アルマークは苦いものを飲み込んだように顔をしかめていた。
「霧を連れてきた」
その言葉通り、いつの間にか、海の上を靄のような霧が覆い始めていた。
それはまるで、ゆっくりとこちらに近付いてくる船から生じているかのように見えた。
「あまり、いい感じがしない」
アルマークはそう言って立ち上がった。
「三人を連れ戻してくる」
「私も行く」
ウェンディも立ち上がる。
「いや、君はここに」
いてくれ、と言おうとしてアルマークは口をつぐんだ。
いつの間にか、船の甲板に数人の人影があった。
だが、霧に遮られて、その姿ははっきりとは見えない。
「誰かいるよ。さっきまでいなかったのに」
ノリシュが言った。その声が震えている。
きらり、と何かが光った気がして、アルマークは甲板に目を凝らした。
あれは。
悪い予感がした。
もしかして。
貨幣。
書物。
不意に、イルミスの声が蘇った。
あれは、夜の森でボラパを倒した後のことだったか。
学院長室で、まるで一つ一つ数えるようにして、イルミスがアルマークたち三人に言ったのだ。
指輪。
杖。
それは、次に来るであろう蛇の罠の推測だった。
最後の罠は、おそらく。
確か、アルマークはその時、そう答えた。
霧が揺れる。
視界がわずかに晴れ、アルマークの目ははっきりと捉えた。
甲板の人影が握る物。

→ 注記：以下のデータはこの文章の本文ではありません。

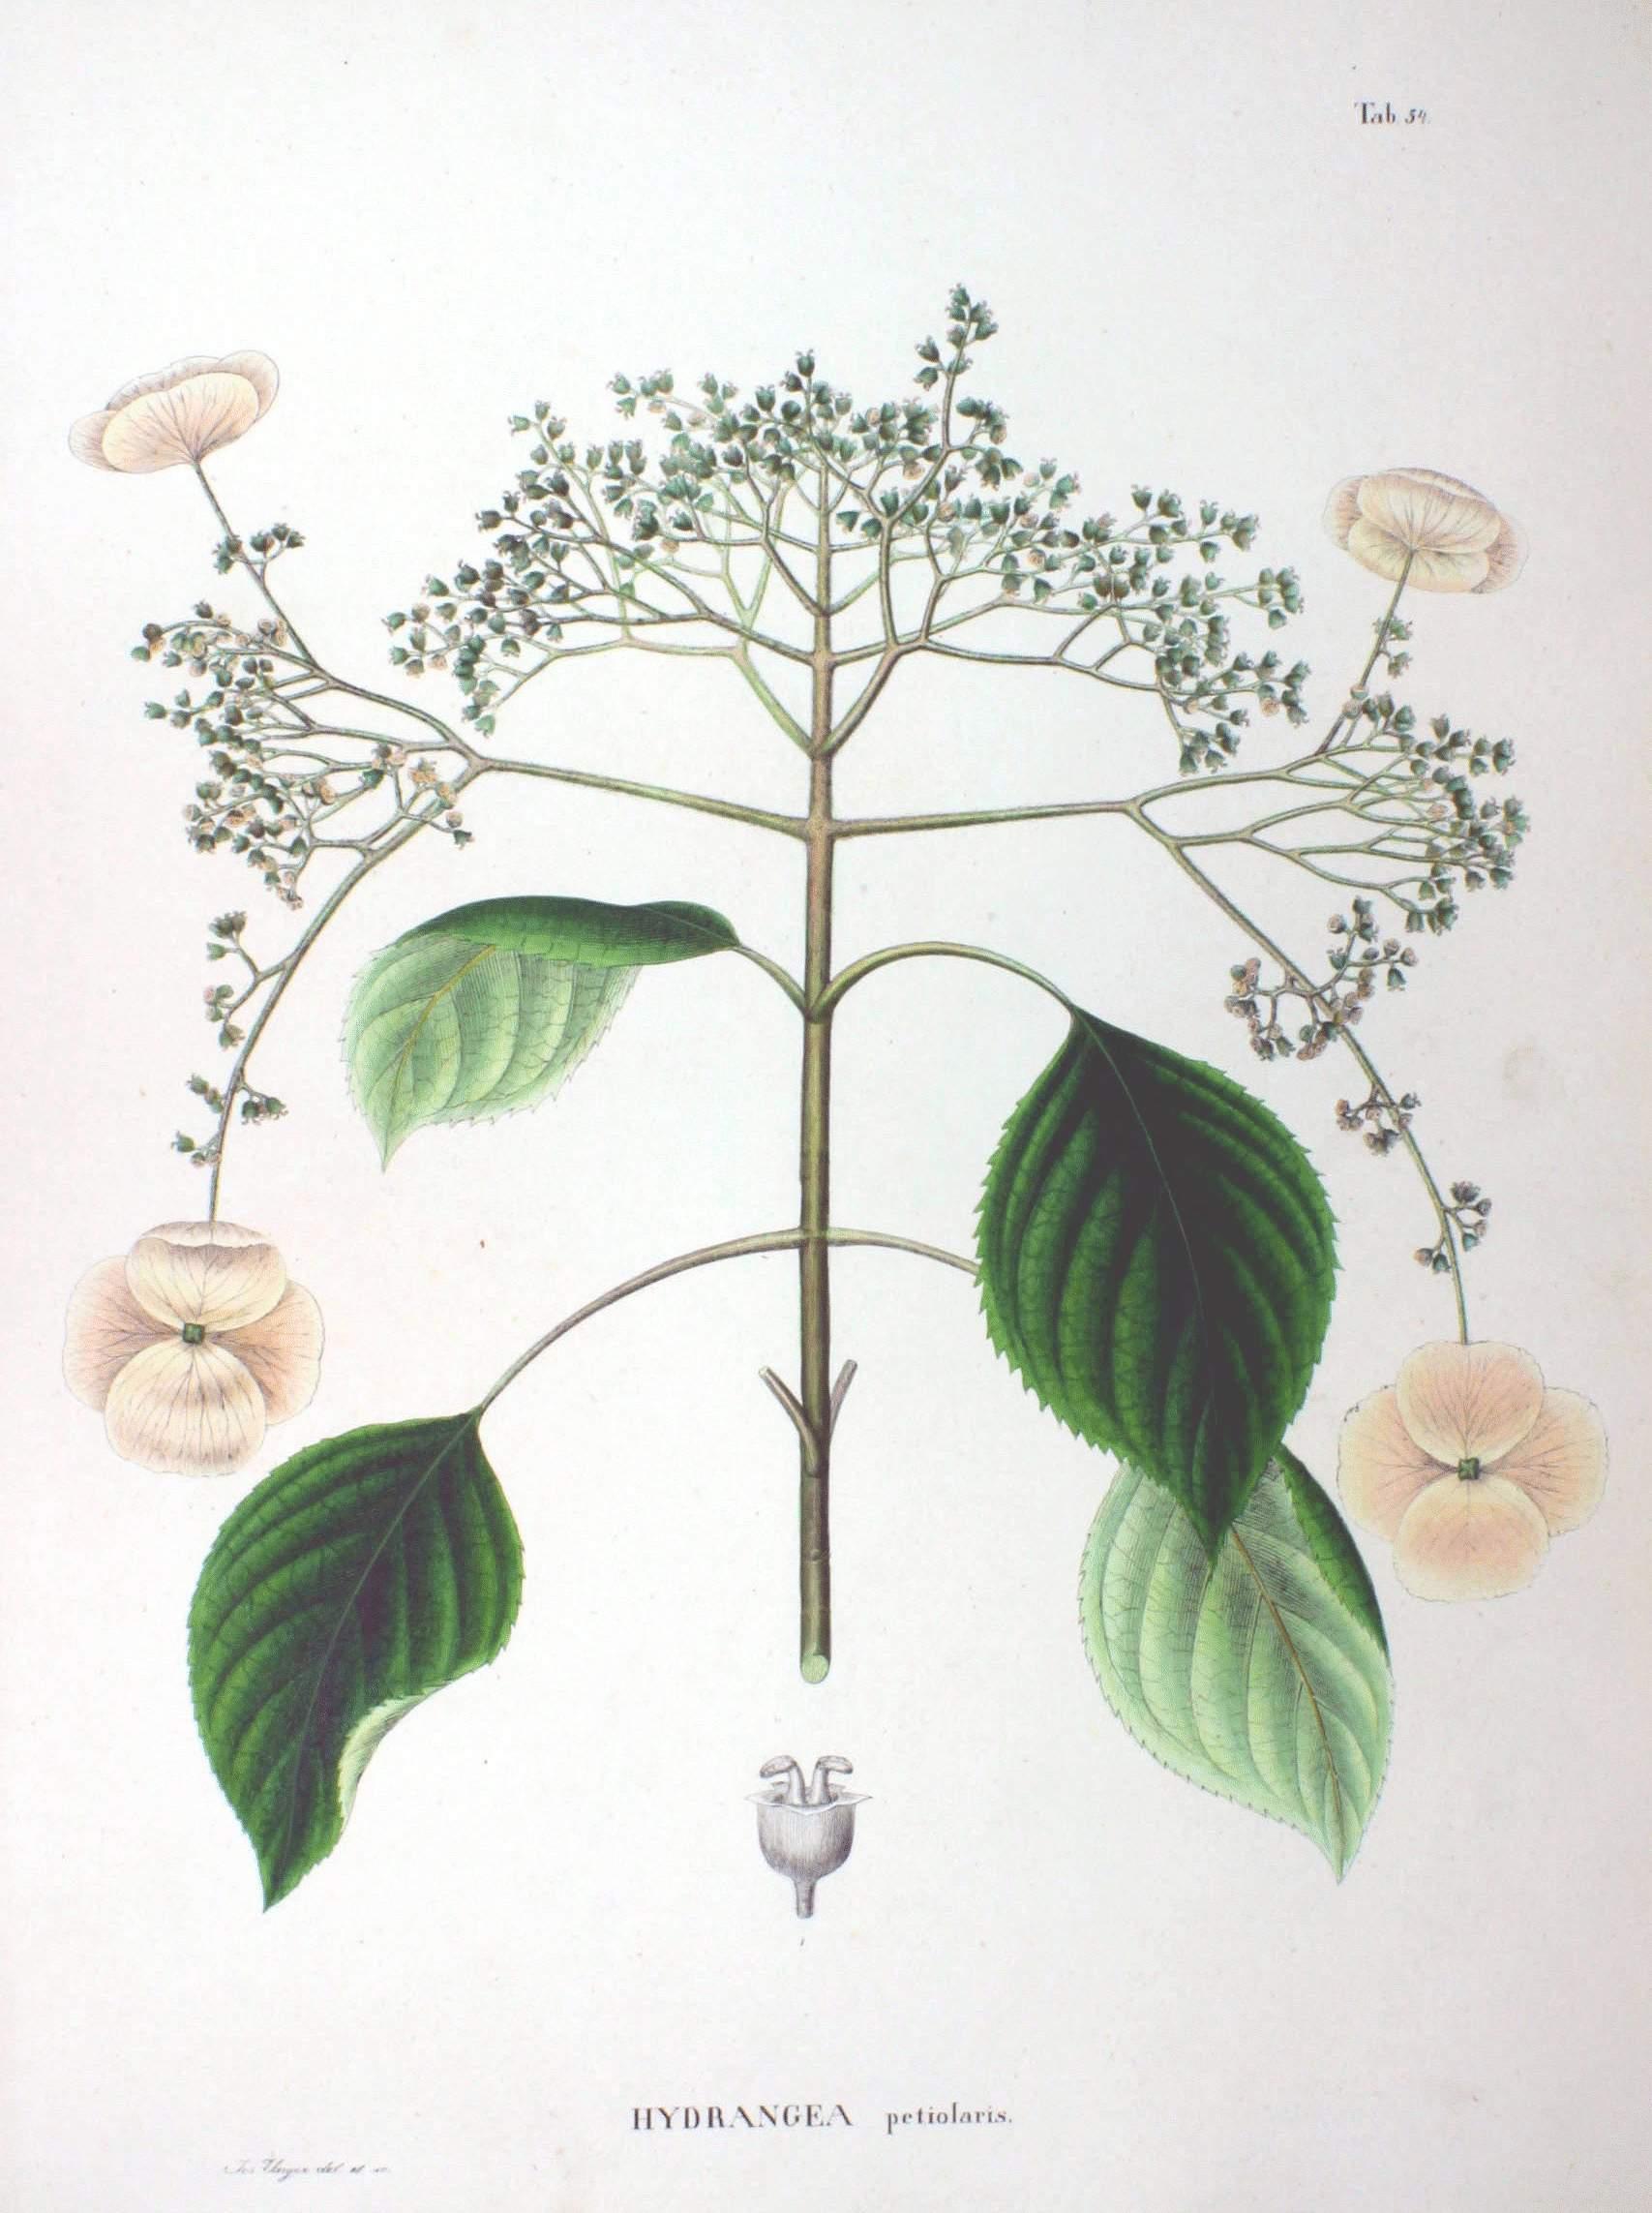 Hydrangea anomala ssp petiolaris SZ54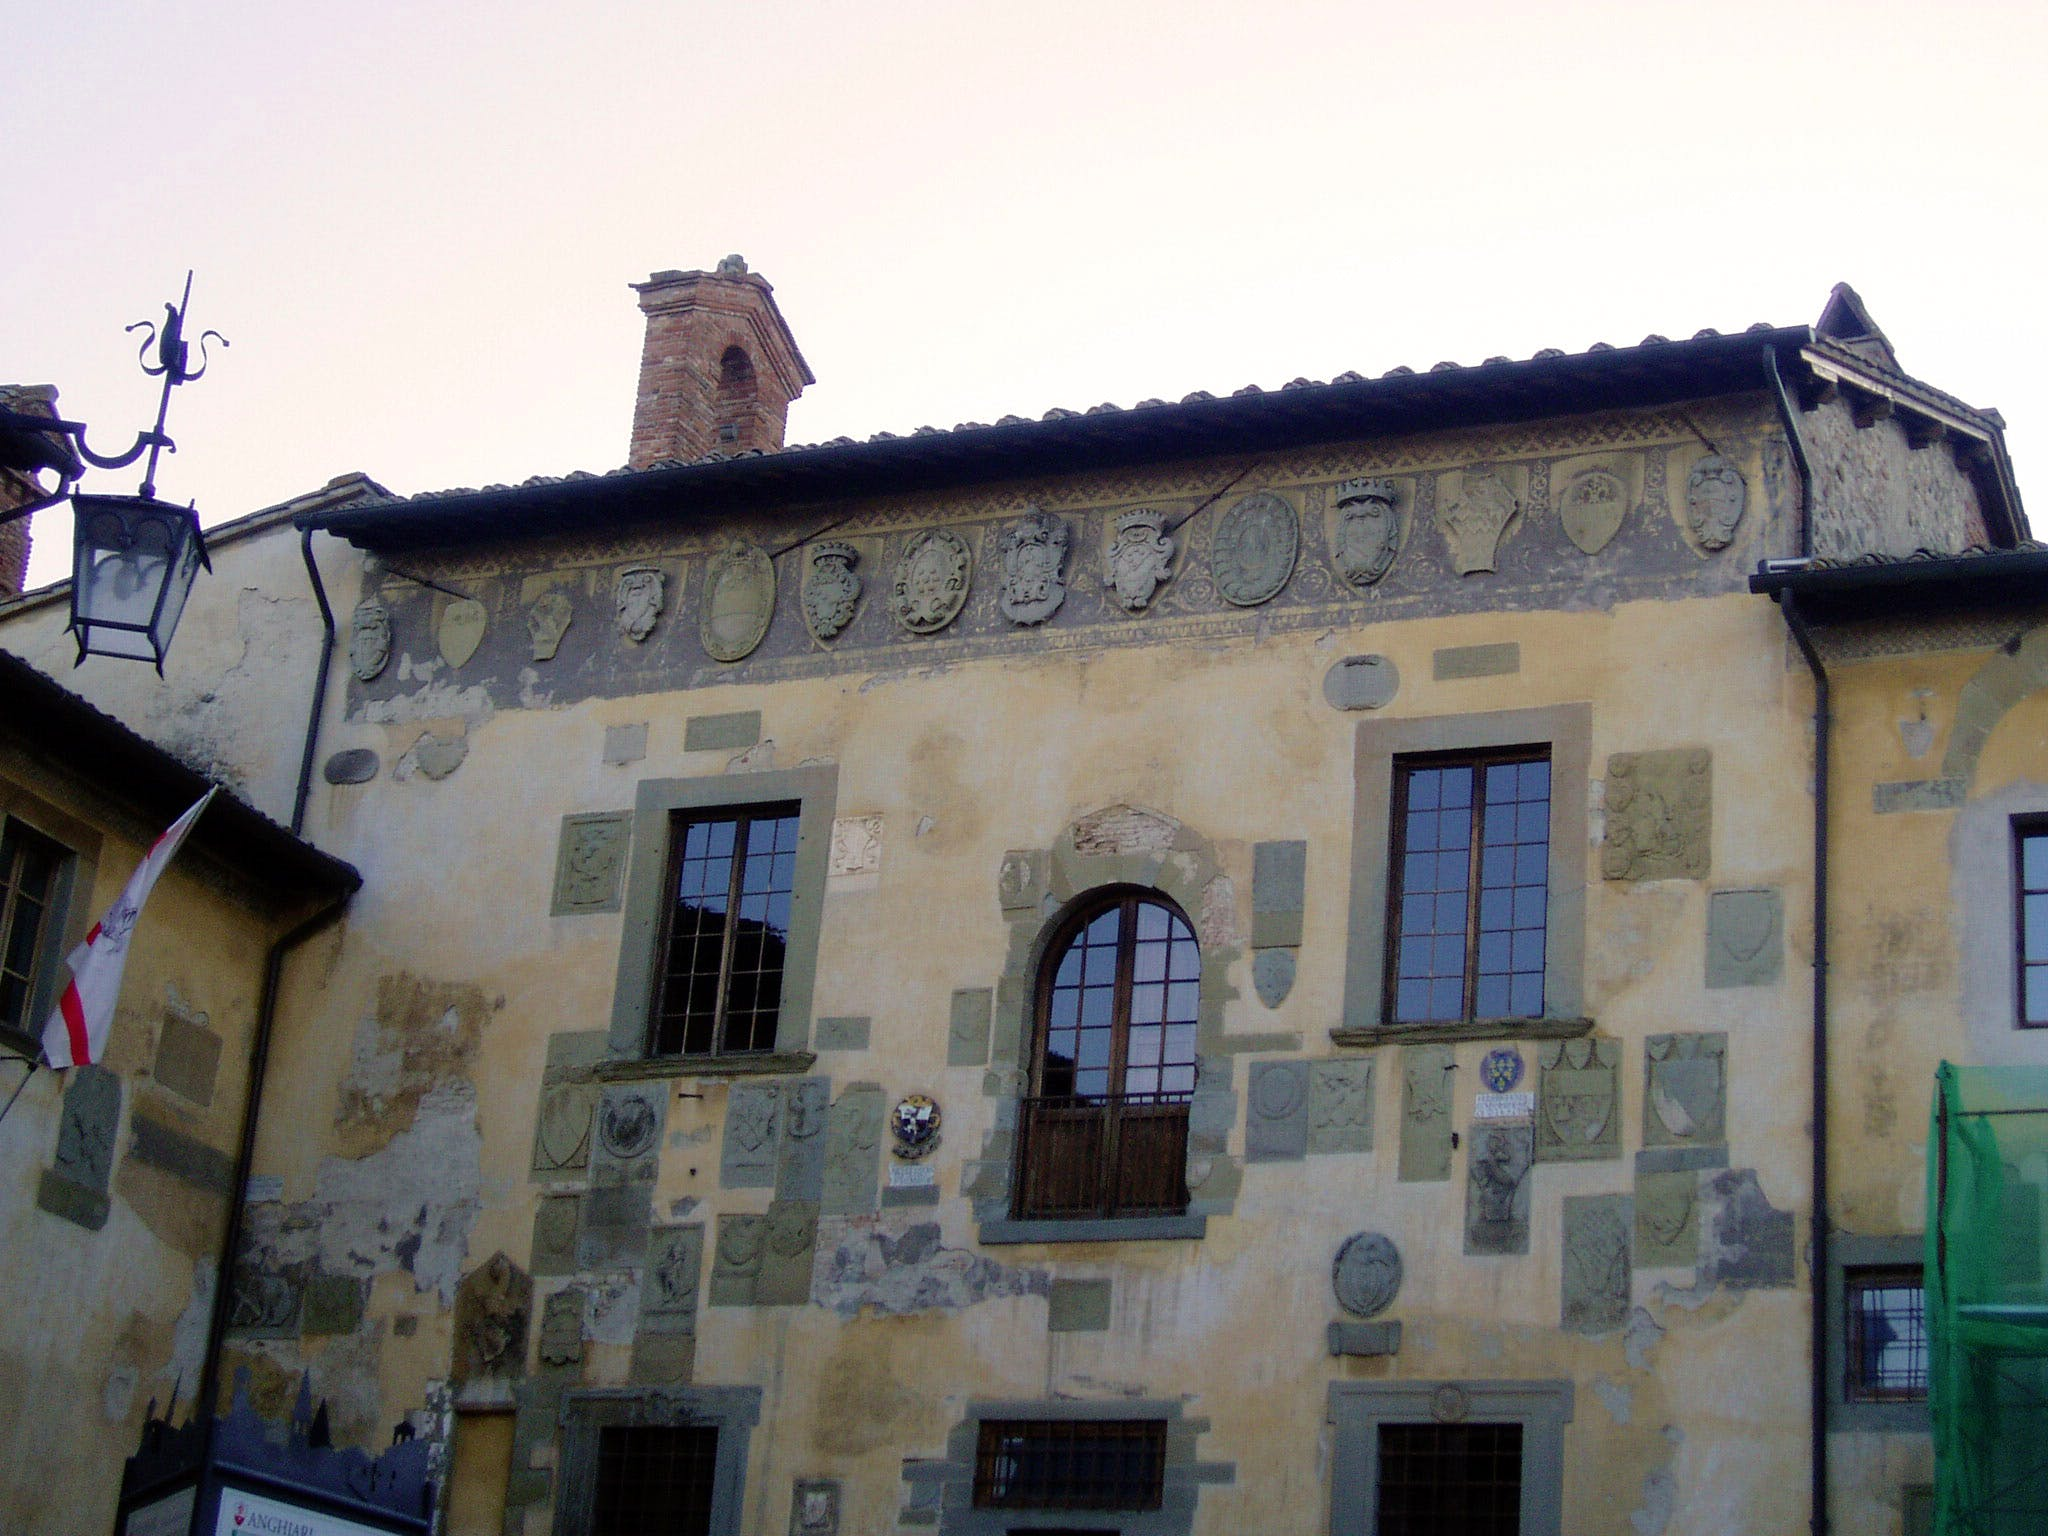 Anghiari Italy Map.Anghiari Visit Medieval City Of Anghiari In Tuscany

アルマークの答え。
剣。
だが、それよりも何よりも。
「見たことあるよ」
目のいいモーゲンが震える手でアルマークの肩を掴んだ。
「僕、見たことあるよ。あいつのこと」
モーゲンはアルマークにだけ聞こえるように囁く。その声も、手と同じように震えていた。
「ねえ、アルマーク。どうしてあいつがここにいるの」
アルマークにも答えられなかった。
自分が見ているものを信じたくなくて、目を見開いていた。
甲板の上のその人物が、アルマークを見て口元を歪めたように見えた。
酷薄な笑顔。
その顔を、アルマークは知っていた。
北の傭兵。
“銀髑髏”ギザルテ。
アルマークの右手が、まるで別の生き物のように激しく震えだした。